Across the world, thousands of people each month are having their own Wi-Fi moment. The growing ranks of New York City's unemployed are discovering that, with a $50 network card, it's as easy to zap an e-mail and résumé from wireless access points -- known as hot spots -- at Bryant Park or Starbucks as it is from their bedrooms. Former Napster aficionados are wirelessly linking their PCs to their stereos to better enjoy their MP3 collections.
AD HOC HUB. For thirty-year-old London TV producer Fred Casella, his Wi-Fi moment came on a ski trip to Switzerland. The apartment he and a friend were staying in had only one phone jack with a 56K dial-up connection -- and both wanted to check their e-mail. Casella used the 56K connection connection and a built-in Wi-Fi card on his Apple PowerBook to turn his laptop into an ad hoc hot spot, allowing them to check mail quickly and get back on the slopes.
What is it about Wi-Fi that's setting hearts aflutter -- and not just at Starbucks, but at tech giants such as Intel, who want in on the action? For one thing, the technology is easy to understand. A recent study by polling firm Ipsos-Reid reveals that 41% of Americans are aware of Wi-Fi -- an impressive demonstration for a technology companies began marketing to consumers just two years ago.
"Wi-Fi is a combination of high-speed Internet access and cell phones," says Mark Laver, a senior analyst at Ipsos-Reid. "It's an adaptation of other technologies we already know and love." That makes Wi-Fi akin to two of the fastest-growing technologies in recent memory: Cell phones, which offered portability, and DVD players, which proved superior to VCRs thanks to clearer images and lots of extras.
"NO HASSLE." In the past decade, 137 million Americans have purchased a cell phone, and more than 35 million now have a DVD player, up from hardly any just three years ago. Compare that to digital video recorders such as TiVO (TIVO
) -- a truly revolutionary technology that lets users pause live TV programming. Yet TiVO has signed up just 510,000 subscribers in five years.
Even better, Wi-Fi is easy to use. "With no wires, it seems like magic," muses Ezra Goldman, a venture capitalist who used early incarnations of Wi-Fi as early as five years ago. Besides having a wireless network set up in his home so he, his four children, and their six laptops can share files, printers, and Internet access, Goldman and his partner Rob Lachman require that all the companies they invest in set up a Wi-Fi network. "That way, when we arrive, it's no hassle. We just sign in and start working," he says.

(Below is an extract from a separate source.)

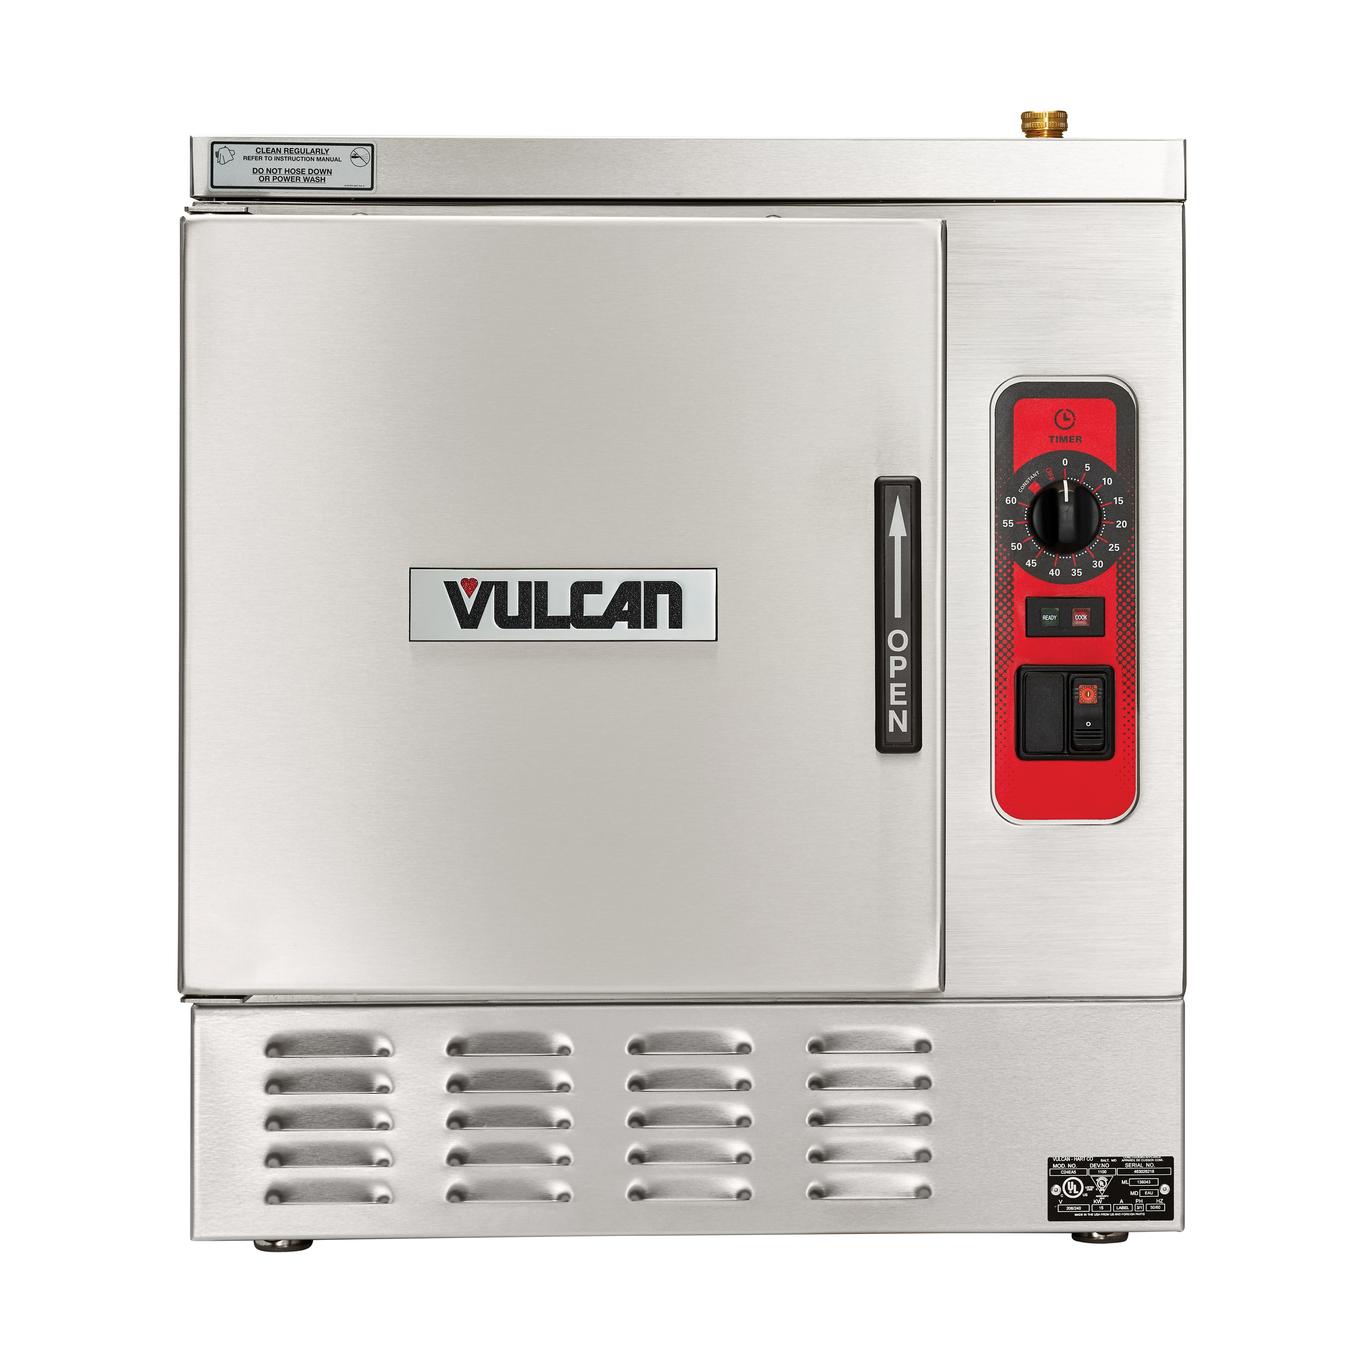 Vulcan C24EA3-PLUS - Item 200090

Wi-Fi lovers like Goldman have tech companies excited for the first time since the dot-com bubble burst. This week, at the Cellular Telecommunications & Internet Assn. conference in New Orleans, the buzz was all about Wi-Fi, which carriers see as a bright spot in an otherwise gloomy outlook. No. 1 U.S. wireless provider Verizon Wireless opened the show by announcing that its subscribers soon will have Wi-Fi access at hundreds of hotels and 10 airports.WITH BOOKS AND BURGERS. That news came just a week after Intel (INTC
) launched its $300 million marketing campaign for its new chip family, called Centrino, which caters specifically to wireless users. Along with primetime-TV spots and glossy magazine spreads, Intel is creating "mobile technology zones" at a dozen airports worldwide where travelers can test Centrino-based notebooks and wirelessly surf the Net.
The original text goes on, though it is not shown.